Search code examples
kotlinapache-flinkflink-streamingstream-processing

How to expire keyed state with TTL in Apache Flink?


I have a pipeline like this:

 env.addSource(kafkaConsumer)
            .keyBy { value -> value.f0 }
            .window(EventTimeSessionWindows.withGap(Time.minutes(2)))
            .reduce(::reduceRecord)
            .addSink(kafkaProducer)

I want to expire keyed data with a TTL.

Some blog posts point that I need a ValueStateDescriptor for that. I made one like this:

val desc = ValueStateDescriptor("val state", MyKey::class.java)
desc.enableTimeToLive(ttlConfig)

But how do I actually apply this descriptor to my pipeline so it will actually do the TTL expiry?


Solution

  • The pipeline you've described doesn't use any keyed state that would benefit from setting state TTL. The only keyed state in your pipeline is the contents of the session windows, and that state is being purged as soon as possible -- as the sessions close. (Furthermore, since you are using a reduce function, that state consists of just one value per key.)
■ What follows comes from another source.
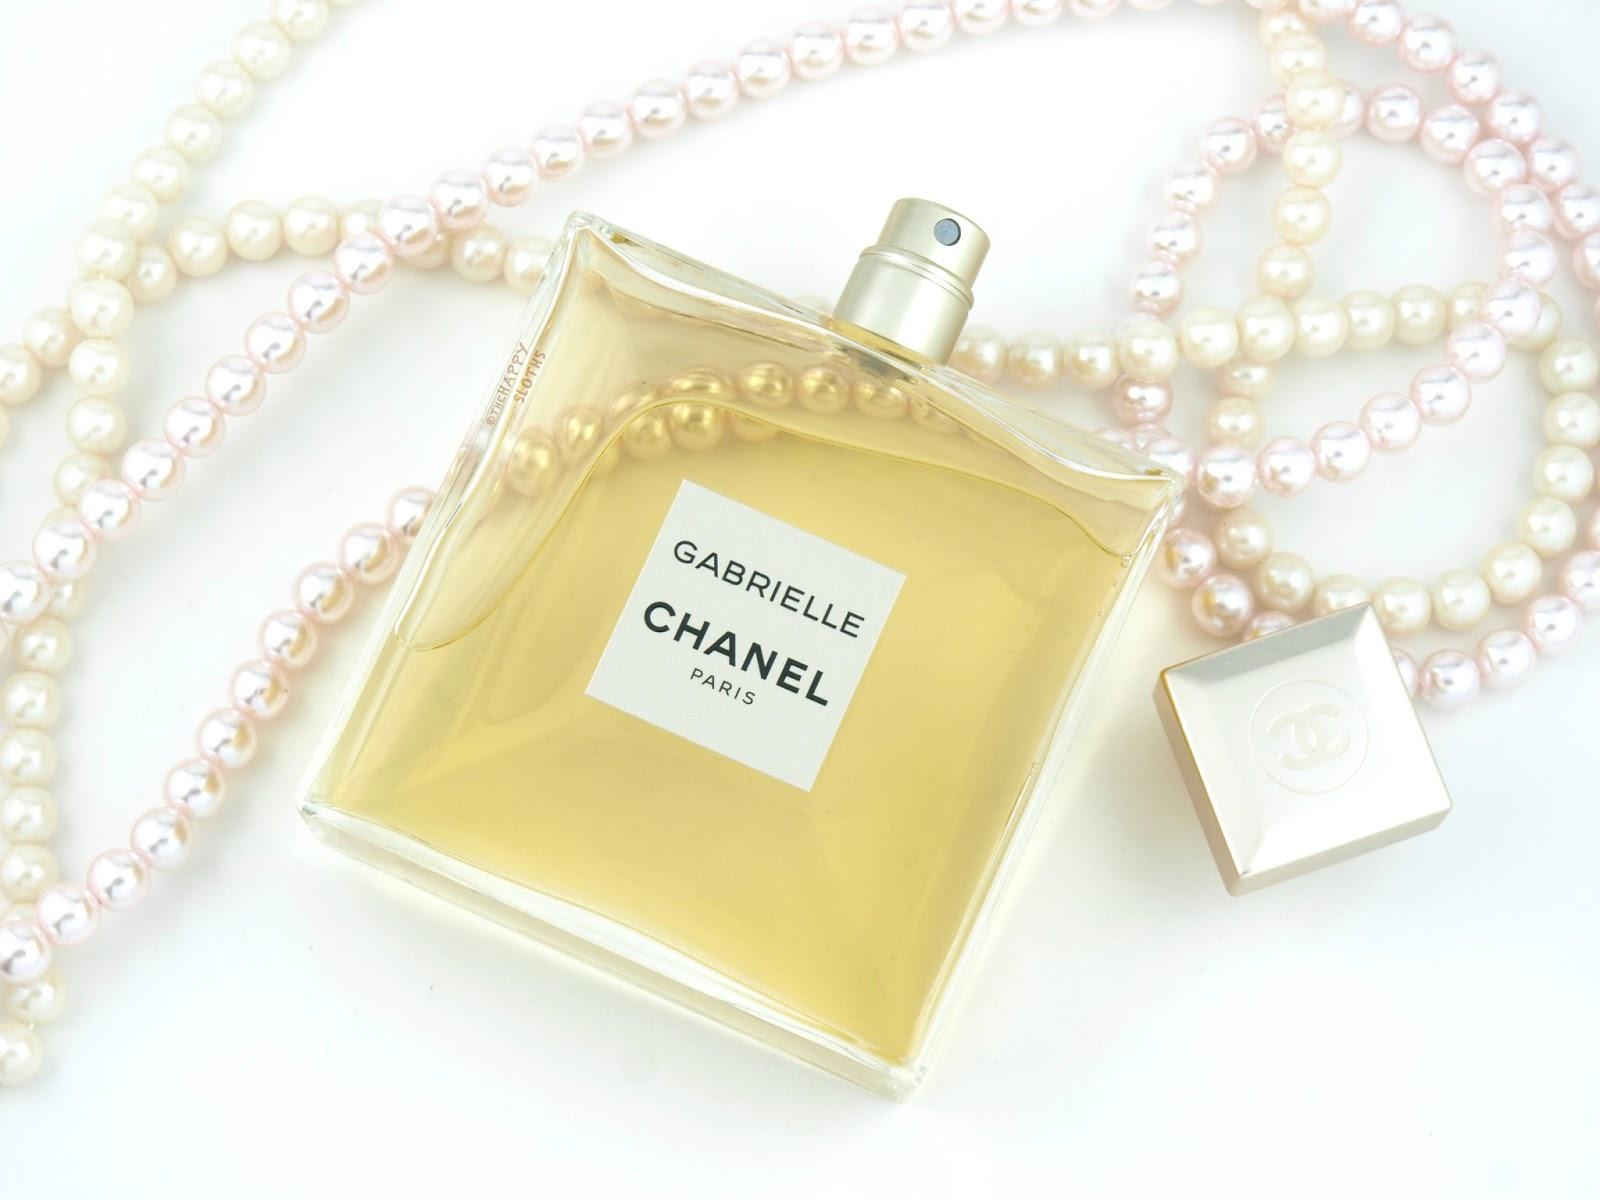 Chanel Gabrielle Chanel Eau de Parfum: Review

    For the most part, expiring state is only relevant for state you explicitly create, in which case you will have ready access to the state descriptor and can configure it to use State TTL. Flink SQL does create state on your behalf that might not automatically expire, in which case you will need to use Idle State Retention Time to configure it. The CEP library also creates state on your behalf, and in this case you should ensure that your patterns either eventually match or timeout.